** Opening RECORDS TO PROCESS block **

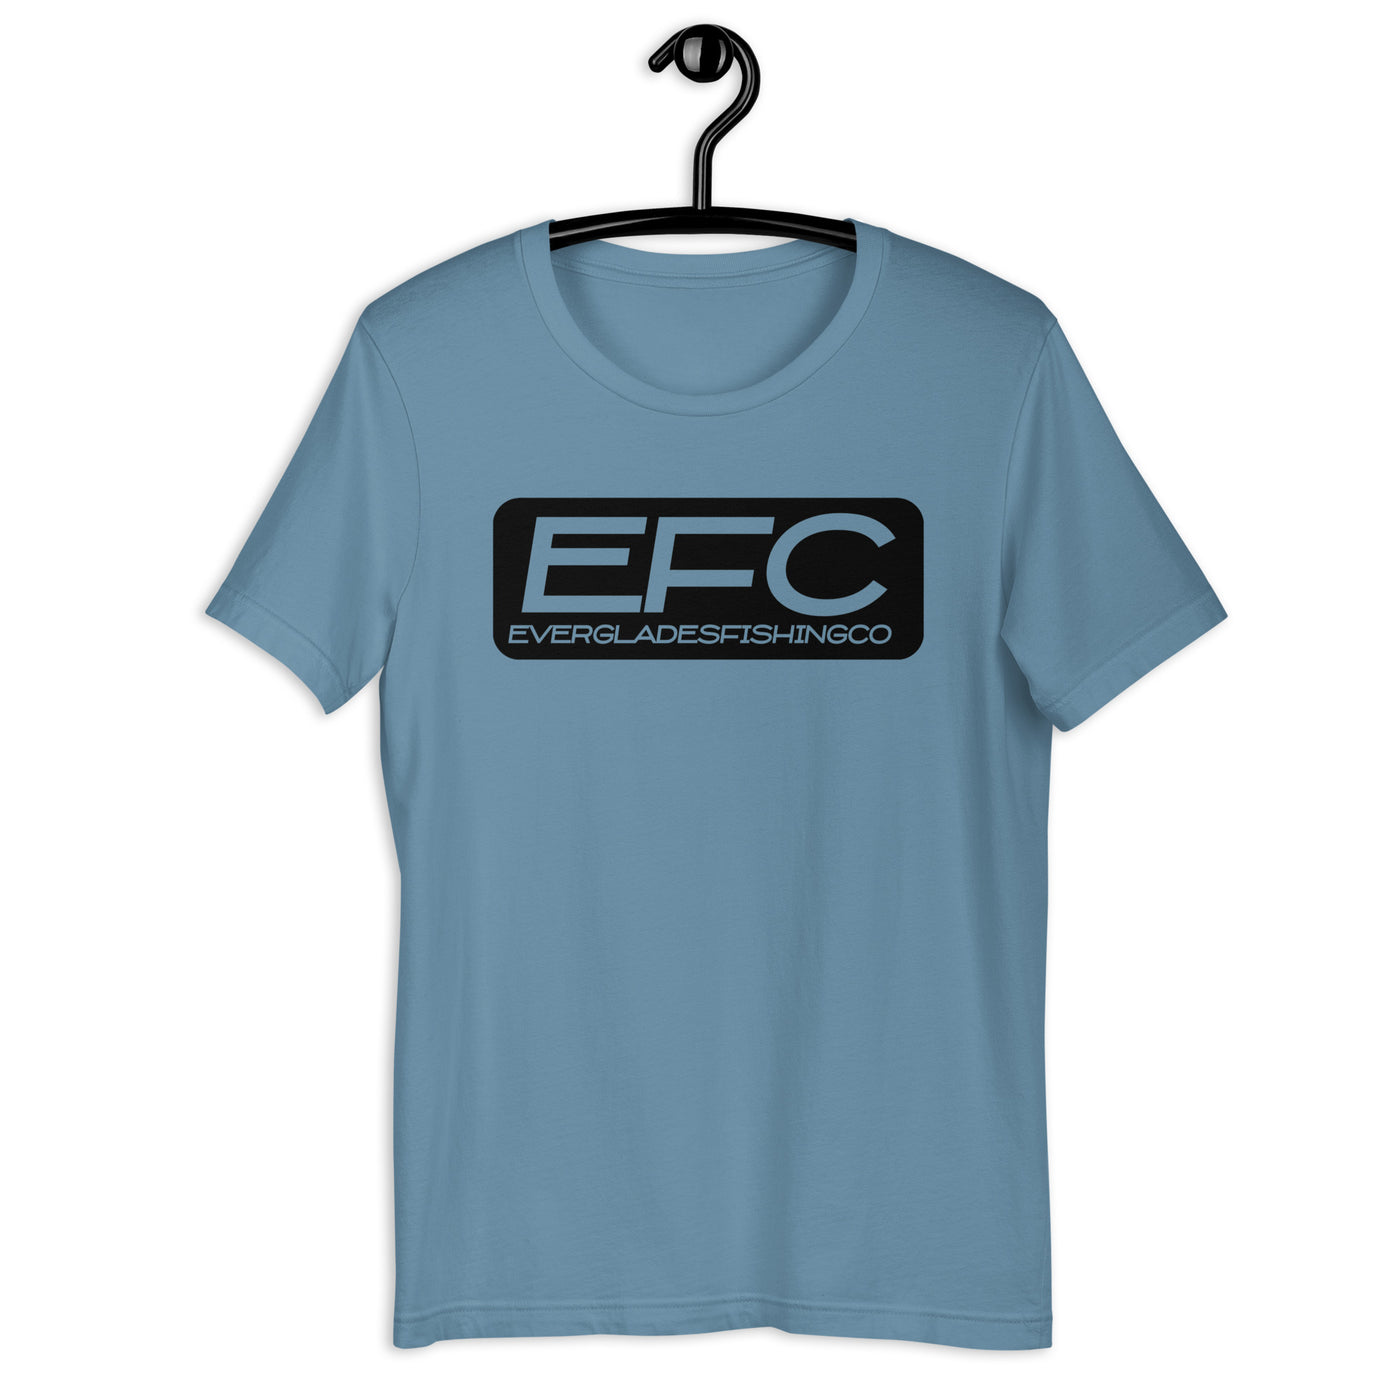 EFC t-shirt
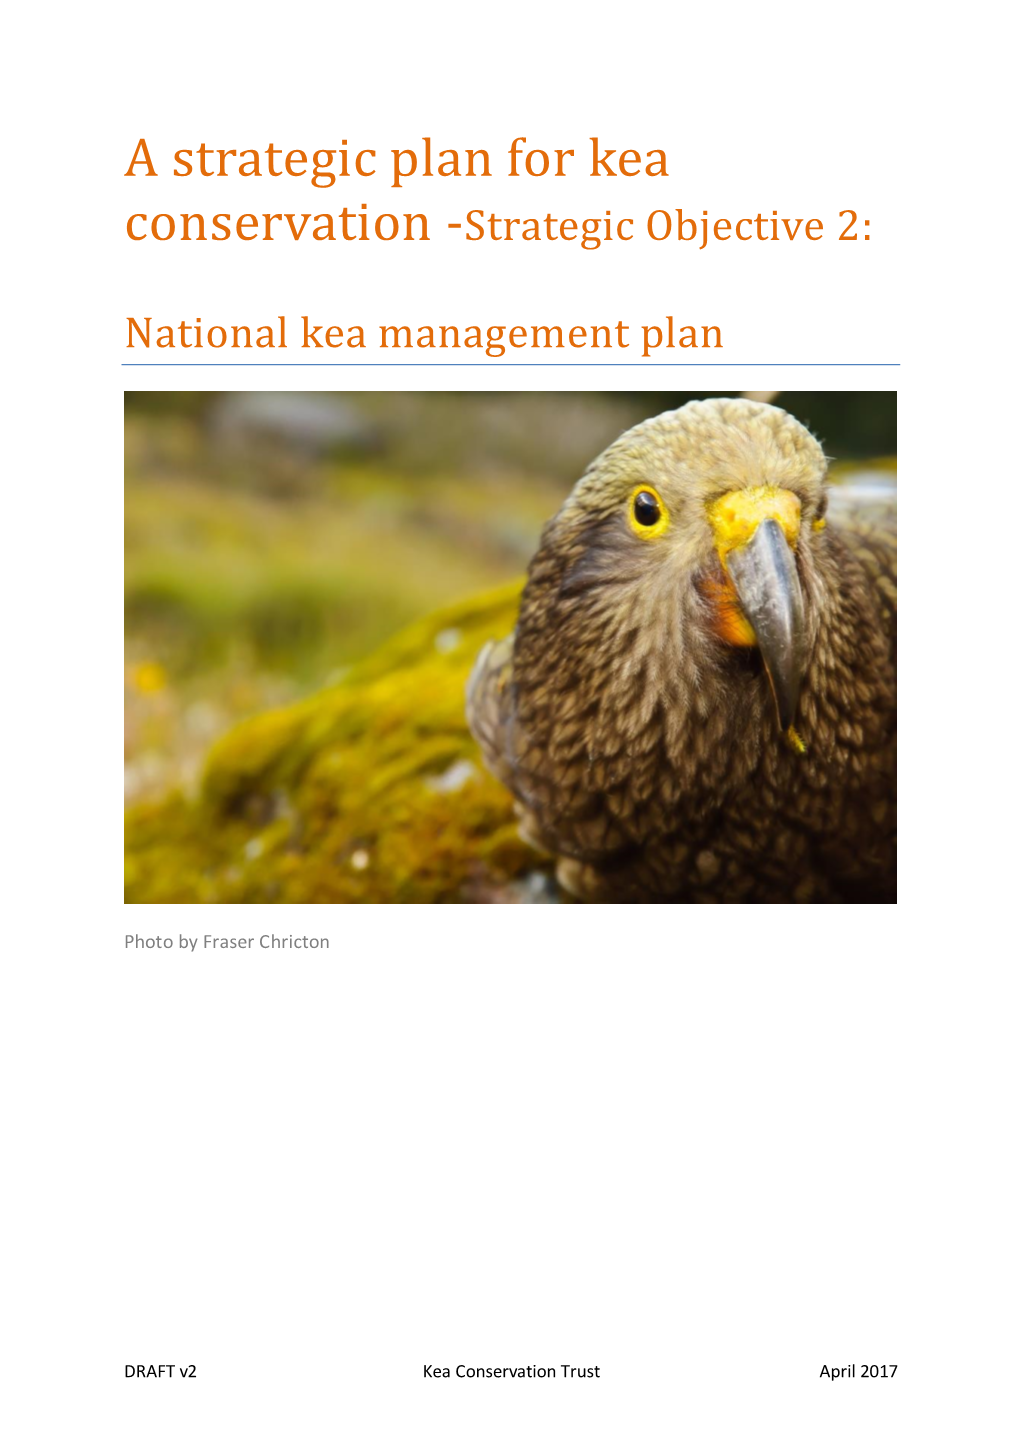 A Strategic Plan for Kea Conservation -Strategic Objective 2
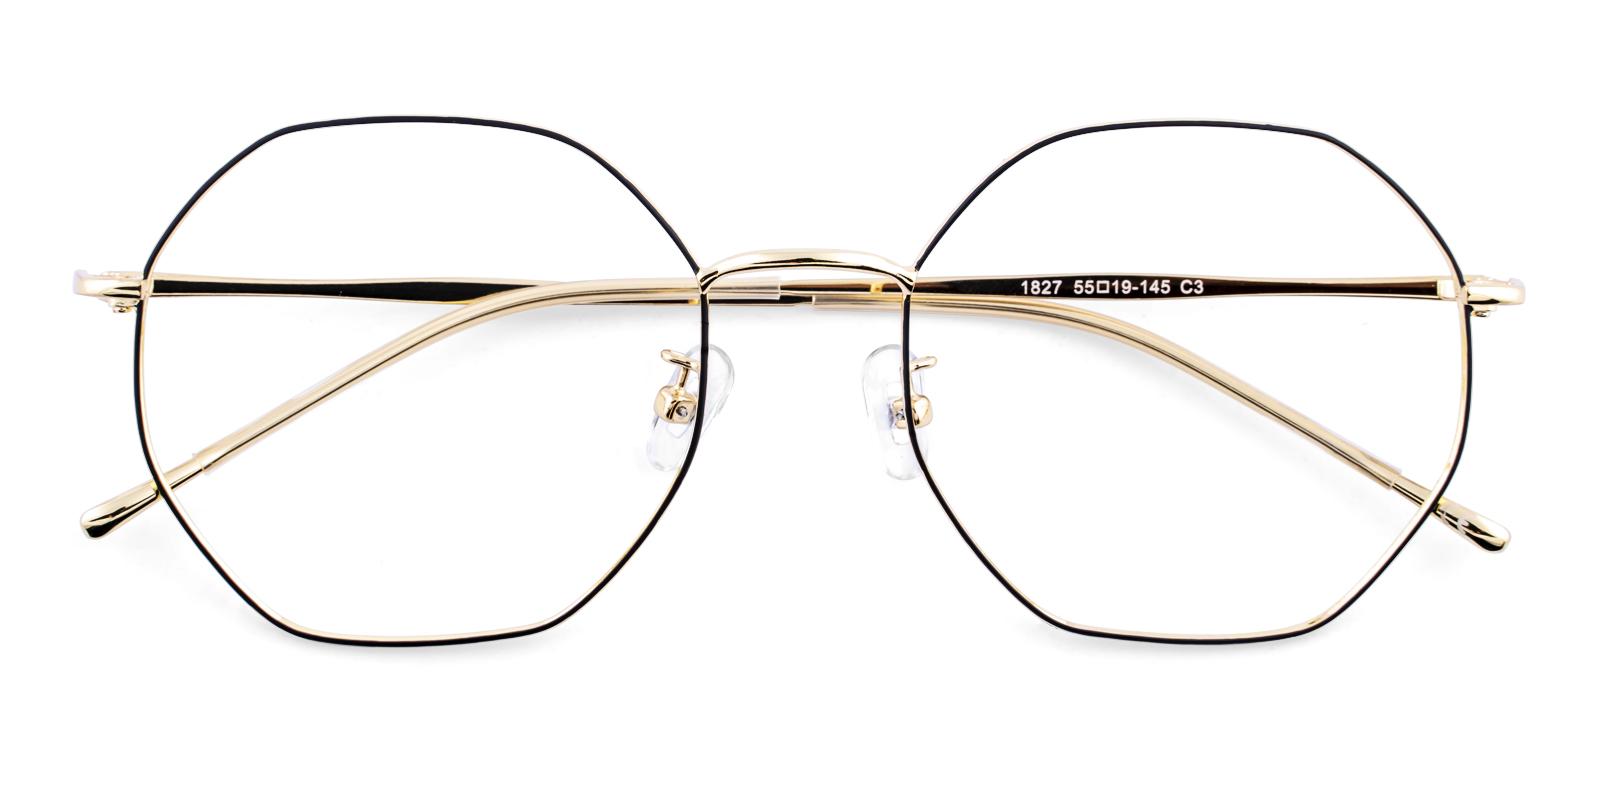 Salieur Gold Metal Eyeglasses , NosePads Frames from ABBE Glasses
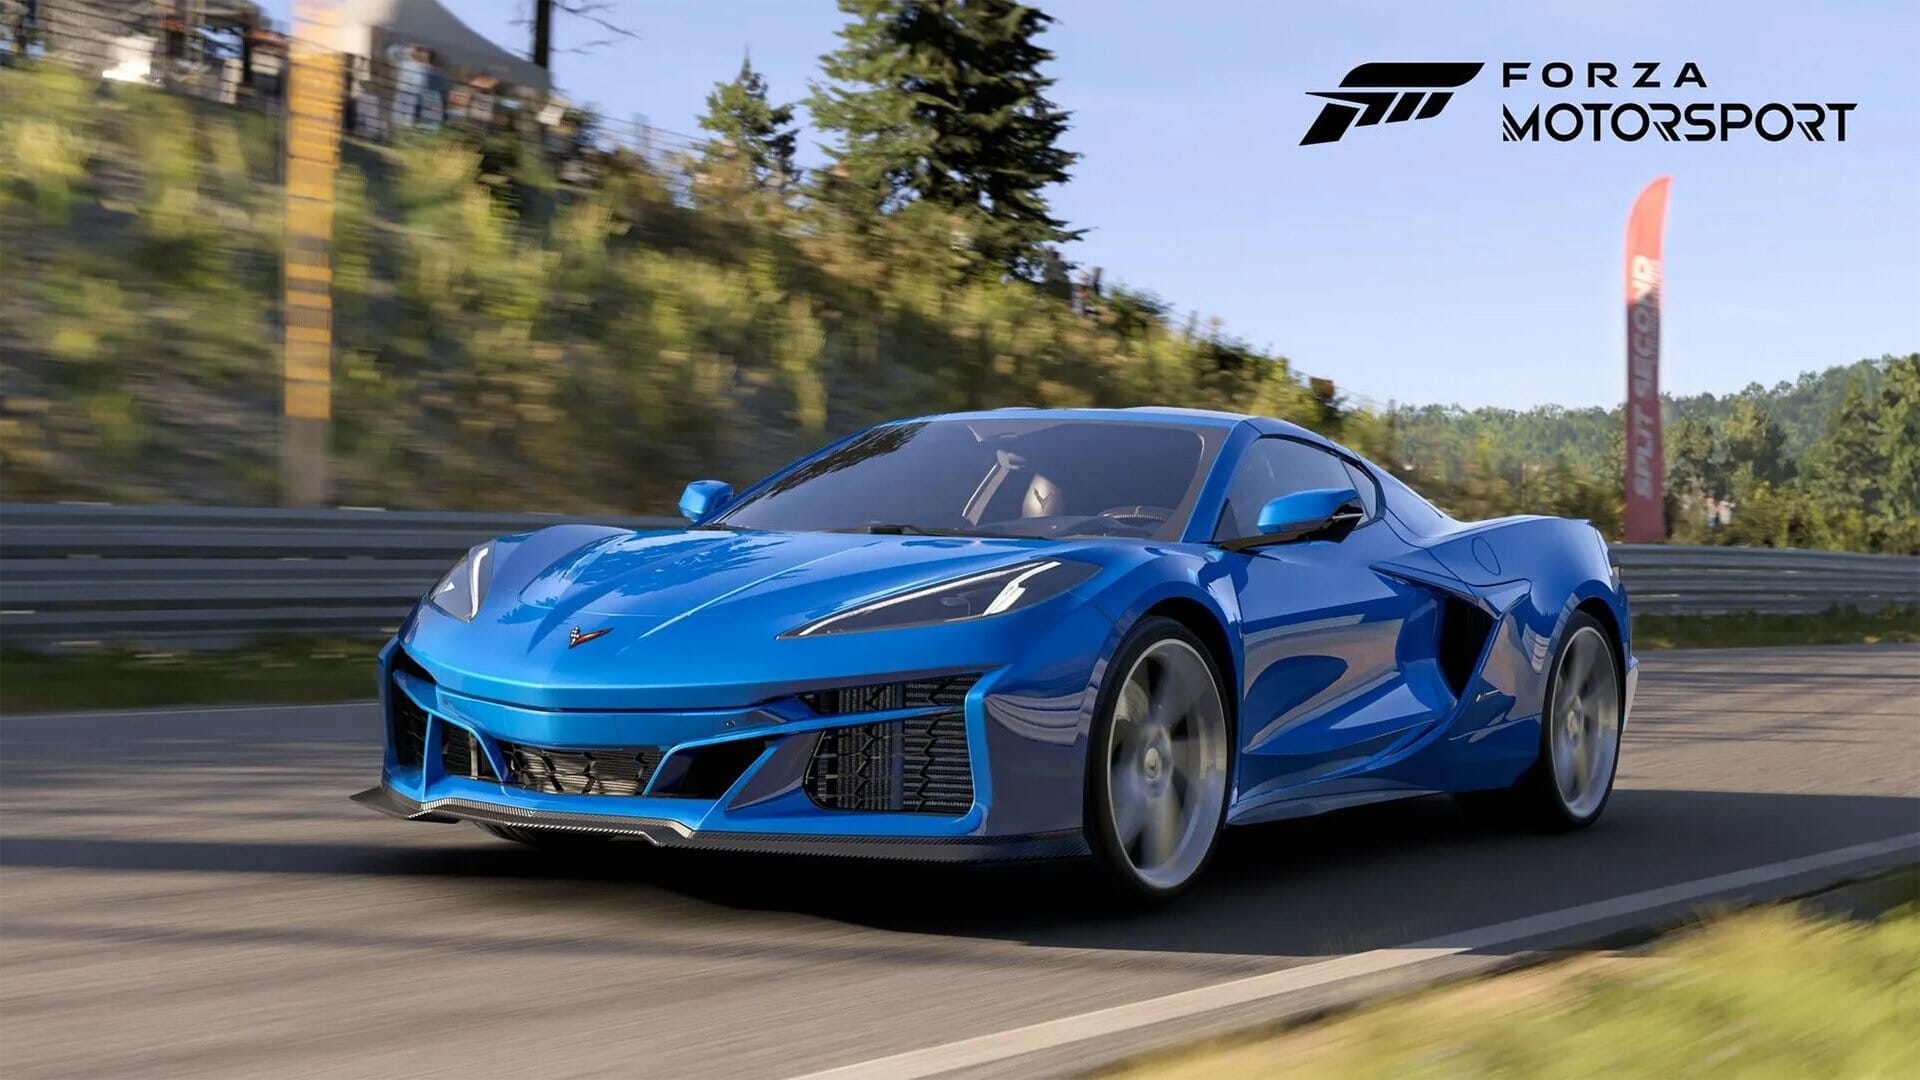 Forza Motorsport's Full Achievement List Revealed
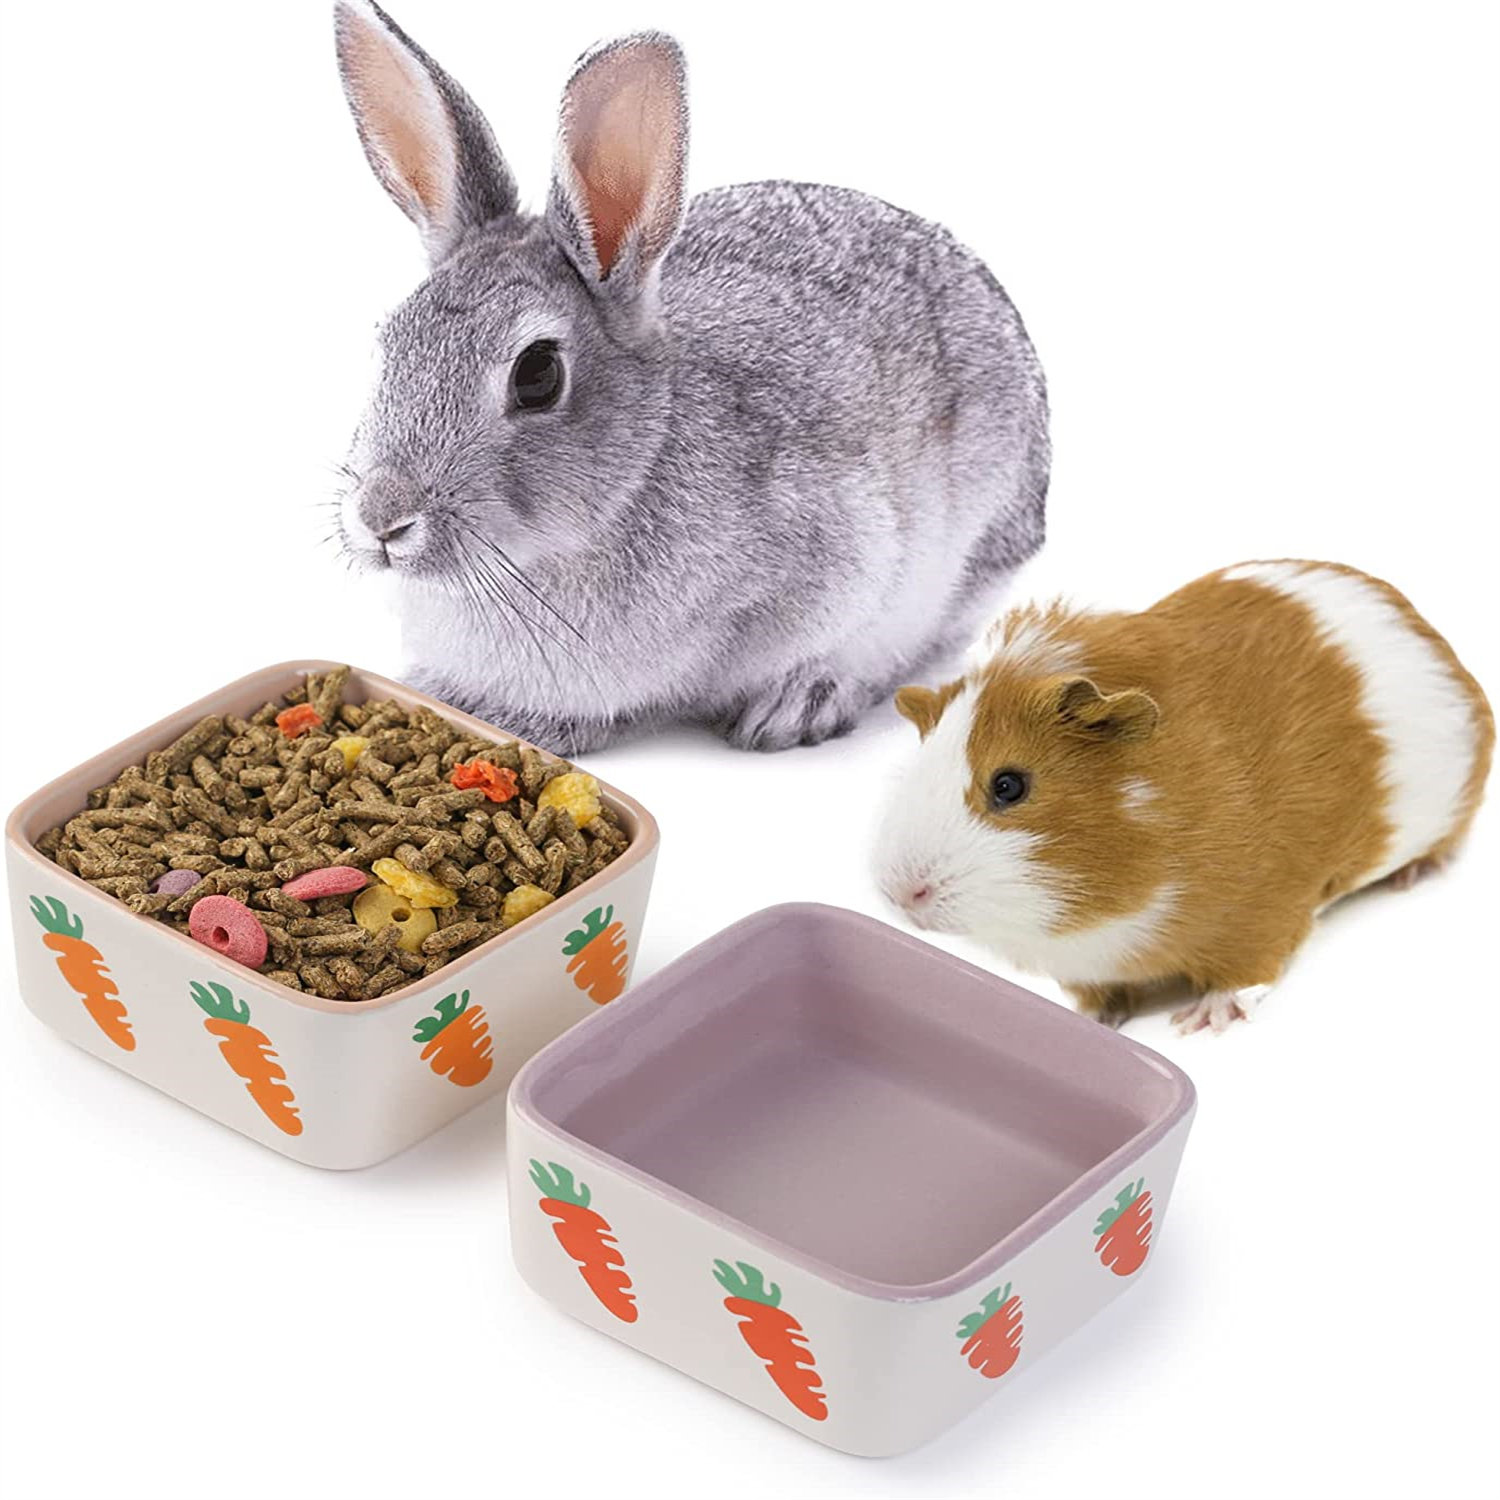 Pet Ceramic Feeding Bowl Dish Food Water Feeder For Small Hamster Rabbit Dog Cat

** Closing RECORDS TO PROCESS block **

> WORK ITEM
For this exercise, the lines from the one containing "Salieur Gold Metal" through the last line of the entries above are to be output exactly, both included, and pictures are skipped.

> YOUR RESPONSE
 Salieur Gold Metal Eyeglasses , NosePads Frames from ABBE Glasses
 Forza Motorsport's Full Achievement List Revealed
 Pet Ceramic Feeding Bowl Dish Food Water Feeder For Small Hamster Rabbit Dog Cat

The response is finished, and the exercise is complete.